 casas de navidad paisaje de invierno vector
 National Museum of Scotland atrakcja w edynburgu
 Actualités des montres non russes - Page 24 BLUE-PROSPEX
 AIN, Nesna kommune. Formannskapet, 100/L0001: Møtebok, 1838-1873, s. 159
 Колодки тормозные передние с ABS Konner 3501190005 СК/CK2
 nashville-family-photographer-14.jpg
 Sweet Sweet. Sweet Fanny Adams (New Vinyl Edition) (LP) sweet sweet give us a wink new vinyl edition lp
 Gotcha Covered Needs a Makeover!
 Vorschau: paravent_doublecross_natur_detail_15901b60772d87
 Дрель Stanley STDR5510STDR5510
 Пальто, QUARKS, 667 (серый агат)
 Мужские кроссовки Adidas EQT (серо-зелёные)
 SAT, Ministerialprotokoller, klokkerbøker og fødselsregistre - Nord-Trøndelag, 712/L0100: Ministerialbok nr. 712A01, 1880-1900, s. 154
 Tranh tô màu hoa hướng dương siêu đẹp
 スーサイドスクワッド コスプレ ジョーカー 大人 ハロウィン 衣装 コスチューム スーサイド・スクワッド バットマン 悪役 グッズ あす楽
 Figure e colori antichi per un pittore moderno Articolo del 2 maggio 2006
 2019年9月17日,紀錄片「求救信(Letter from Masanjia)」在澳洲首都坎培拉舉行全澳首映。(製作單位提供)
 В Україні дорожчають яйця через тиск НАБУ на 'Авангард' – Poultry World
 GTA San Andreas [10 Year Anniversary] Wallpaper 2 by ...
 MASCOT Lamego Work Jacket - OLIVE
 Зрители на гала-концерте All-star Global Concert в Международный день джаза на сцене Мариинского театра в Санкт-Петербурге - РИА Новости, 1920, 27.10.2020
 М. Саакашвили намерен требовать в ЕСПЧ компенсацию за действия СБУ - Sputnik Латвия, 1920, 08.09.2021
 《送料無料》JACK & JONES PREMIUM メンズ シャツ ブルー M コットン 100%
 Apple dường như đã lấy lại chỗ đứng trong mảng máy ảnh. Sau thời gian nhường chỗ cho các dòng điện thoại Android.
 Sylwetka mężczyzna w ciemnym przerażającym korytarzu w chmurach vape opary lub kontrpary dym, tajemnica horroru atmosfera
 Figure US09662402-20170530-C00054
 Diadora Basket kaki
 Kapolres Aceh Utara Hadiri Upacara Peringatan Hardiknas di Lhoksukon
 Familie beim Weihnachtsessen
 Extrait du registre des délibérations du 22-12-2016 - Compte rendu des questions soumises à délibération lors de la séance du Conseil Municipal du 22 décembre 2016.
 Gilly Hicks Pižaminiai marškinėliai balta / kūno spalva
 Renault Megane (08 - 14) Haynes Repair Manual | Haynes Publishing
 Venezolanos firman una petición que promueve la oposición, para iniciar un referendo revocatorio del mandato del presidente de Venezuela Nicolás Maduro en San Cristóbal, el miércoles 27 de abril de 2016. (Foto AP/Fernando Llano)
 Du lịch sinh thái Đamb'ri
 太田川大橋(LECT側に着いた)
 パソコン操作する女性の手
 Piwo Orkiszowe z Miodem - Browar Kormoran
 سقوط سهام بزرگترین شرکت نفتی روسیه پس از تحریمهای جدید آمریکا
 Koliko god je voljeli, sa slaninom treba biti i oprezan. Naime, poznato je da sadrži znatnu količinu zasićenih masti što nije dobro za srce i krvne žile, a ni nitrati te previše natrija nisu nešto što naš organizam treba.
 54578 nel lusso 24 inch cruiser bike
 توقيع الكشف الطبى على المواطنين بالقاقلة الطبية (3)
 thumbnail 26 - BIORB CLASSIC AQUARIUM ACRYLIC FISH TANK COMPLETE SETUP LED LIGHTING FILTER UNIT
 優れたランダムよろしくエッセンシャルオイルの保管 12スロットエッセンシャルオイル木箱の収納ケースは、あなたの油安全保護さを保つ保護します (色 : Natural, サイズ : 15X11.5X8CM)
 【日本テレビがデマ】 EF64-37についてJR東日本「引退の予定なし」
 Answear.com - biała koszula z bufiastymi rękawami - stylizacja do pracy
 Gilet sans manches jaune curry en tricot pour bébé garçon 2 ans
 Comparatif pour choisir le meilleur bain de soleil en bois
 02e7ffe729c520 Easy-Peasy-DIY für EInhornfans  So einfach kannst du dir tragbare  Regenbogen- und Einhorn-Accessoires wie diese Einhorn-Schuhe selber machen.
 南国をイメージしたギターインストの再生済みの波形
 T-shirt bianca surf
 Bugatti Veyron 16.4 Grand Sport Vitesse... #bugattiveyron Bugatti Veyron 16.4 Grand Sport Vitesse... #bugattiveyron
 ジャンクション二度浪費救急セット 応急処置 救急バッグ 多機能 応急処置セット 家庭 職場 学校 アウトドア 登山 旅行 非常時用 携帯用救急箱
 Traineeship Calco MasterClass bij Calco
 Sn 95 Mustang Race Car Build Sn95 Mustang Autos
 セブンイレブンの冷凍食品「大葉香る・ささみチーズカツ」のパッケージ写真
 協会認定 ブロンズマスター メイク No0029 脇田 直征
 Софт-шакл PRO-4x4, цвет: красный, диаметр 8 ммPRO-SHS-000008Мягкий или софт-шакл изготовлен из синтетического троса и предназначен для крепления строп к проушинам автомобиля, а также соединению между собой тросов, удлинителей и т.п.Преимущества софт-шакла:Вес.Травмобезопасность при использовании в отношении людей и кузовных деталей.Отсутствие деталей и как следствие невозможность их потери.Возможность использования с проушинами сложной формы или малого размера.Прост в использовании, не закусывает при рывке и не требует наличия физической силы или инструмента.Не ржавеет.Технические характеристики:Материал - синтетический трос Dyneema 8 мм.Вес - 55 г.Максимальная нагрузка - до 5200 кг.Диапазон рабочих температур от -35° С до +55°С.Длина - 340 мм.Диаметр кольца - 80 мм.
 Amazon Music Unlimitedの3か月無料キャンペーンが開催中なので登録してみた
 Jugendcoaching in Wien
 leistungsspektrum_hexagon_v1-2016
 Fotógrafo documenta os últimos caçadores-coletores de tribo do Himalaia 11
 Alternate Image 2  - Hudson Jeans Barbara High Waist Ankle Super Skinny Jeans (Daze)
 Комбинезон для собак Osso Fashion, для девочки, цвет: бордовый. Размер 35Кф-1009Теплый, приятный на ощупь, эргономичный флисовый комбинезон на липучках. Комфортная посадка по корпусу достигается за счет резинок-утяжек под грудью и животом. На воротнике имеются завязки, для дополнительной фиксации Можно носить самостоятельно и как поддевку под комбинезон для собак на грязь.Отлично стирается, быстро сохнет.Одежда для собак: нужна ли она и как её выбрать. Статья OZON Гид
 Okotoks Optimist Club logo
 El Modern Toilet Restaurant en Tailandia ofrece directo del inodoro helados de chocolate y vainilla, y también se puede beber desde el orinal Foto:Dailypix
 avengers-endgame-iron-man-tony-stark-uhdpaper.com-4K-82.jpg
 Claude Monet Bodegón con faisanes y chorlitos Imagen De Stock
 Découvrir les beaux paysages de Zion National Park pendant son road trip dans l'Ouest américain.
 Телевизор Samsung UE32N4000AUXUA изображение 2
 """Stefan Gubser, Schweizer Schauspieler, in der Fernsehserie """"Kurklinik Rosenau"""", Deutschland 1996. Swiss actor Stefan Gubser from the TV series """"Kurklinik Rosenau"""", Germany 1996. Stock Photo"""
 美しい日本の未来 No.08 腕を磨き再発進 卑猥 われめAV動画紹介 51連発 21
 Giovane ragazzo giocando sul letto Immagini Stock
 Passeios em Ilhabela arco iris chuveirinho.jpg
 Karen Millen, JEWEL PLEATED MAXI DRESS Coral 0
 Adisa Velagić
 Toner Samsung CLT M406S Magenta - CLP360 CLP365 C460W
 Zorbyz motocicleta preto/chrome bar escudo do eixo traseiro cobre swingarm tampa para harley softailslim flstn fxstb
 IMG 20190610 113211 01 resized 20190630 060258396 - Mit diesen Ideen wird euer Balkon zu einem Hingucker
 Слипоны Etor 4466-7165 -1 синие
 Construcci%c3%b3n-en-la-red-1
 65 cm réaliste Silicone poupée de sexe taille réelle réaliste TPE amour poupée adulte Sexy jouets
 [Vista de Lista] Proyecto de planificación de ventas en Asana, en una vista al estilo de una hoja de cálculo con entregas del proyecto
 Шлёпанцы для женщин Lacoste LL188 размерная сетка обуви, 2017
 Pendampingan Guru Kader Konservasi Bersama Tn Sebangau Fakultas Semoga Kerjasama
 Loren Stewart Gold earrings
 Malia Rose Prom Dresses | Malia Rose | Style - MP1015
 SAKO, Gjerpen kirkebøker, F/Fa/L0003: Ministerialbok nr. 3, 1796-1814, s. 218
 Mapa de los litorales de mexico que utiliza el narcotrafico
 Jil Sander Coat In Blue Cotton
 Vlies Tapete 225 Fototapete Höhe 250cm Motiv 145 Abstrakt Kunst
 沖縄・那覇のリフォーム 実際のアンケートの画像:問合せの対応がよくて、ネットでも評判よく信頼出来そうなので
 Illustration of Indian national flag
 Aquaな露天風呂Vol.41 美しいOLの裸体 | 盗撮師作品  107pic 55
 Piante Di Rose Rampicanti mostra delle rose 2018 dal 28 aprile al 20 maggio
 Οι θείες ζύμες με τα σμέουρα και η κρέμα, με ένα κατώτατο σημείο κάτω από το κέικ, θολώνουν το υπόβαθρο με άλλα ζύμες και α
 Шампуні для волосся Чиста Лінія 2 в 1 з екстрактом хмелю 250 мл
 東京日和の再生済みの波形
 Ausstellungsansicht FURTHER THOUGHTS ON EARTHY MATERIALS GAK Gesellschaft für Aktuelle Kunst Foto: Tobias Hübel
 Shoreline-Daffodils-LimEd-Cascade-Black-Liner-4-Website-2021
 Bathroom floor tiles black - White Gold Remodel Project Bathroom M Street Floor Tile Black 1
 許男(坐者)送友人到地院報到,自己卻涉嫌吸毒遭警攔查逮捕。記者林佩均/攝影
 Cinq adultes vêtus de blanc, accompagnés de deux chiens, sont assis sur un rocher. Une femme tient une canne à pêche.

----------

Problem statement
Output exactly one stretch of the listing: from the line containing "avengers-endgame-iron-man-tony-stark-uhdpaper.com-4K-82.jpg" through the line containing "Zorbyz motocicleta preto/chrome", both end lines included.

Solution to this exercise
 avengers-endgame-iron-man-tony-stark-uhdpaper.com-4K-82.jpg
 Claude Monet Bodegón con faisanes y chorlitos Imagen De Stock
 Découvrir les beaux paysages de Zion National Park pendant son road trip dans l'Ouest américain.
 Телевизор Samsung UE32N4000AUXUA изображение 2
 """Stefan Gubser, Schweizer Schauspieler, in der Fernsehserie """"Kurklinik Rosenau"""", Deutschland 1996. Swiss actor Stefan Gubser from the TV series """"Kurklinik Rosenau"""", Germany 1996. Stock Photo"""
 美しい日本の未来 No.08 腕を磨き再発進 卑猥 われめAV動画紹介 51連発 21
 Giovane ragazzo giocando sul letto Immagini Stock
 Passeios em Ilhabela arco iris chuveirinho.jpg
 Karen Millen, JEWEL PLEATED MAXI DRESS Coral 0
 Adisa Velagić
 Toner Samsung CLT M406S Magenta - CLP360 CLP365 C460W
 Zorbyz motocicleta preto/chrome bar escudo do eixo traseiro cobre swingarm tampa para harley softailslim flstn fxstb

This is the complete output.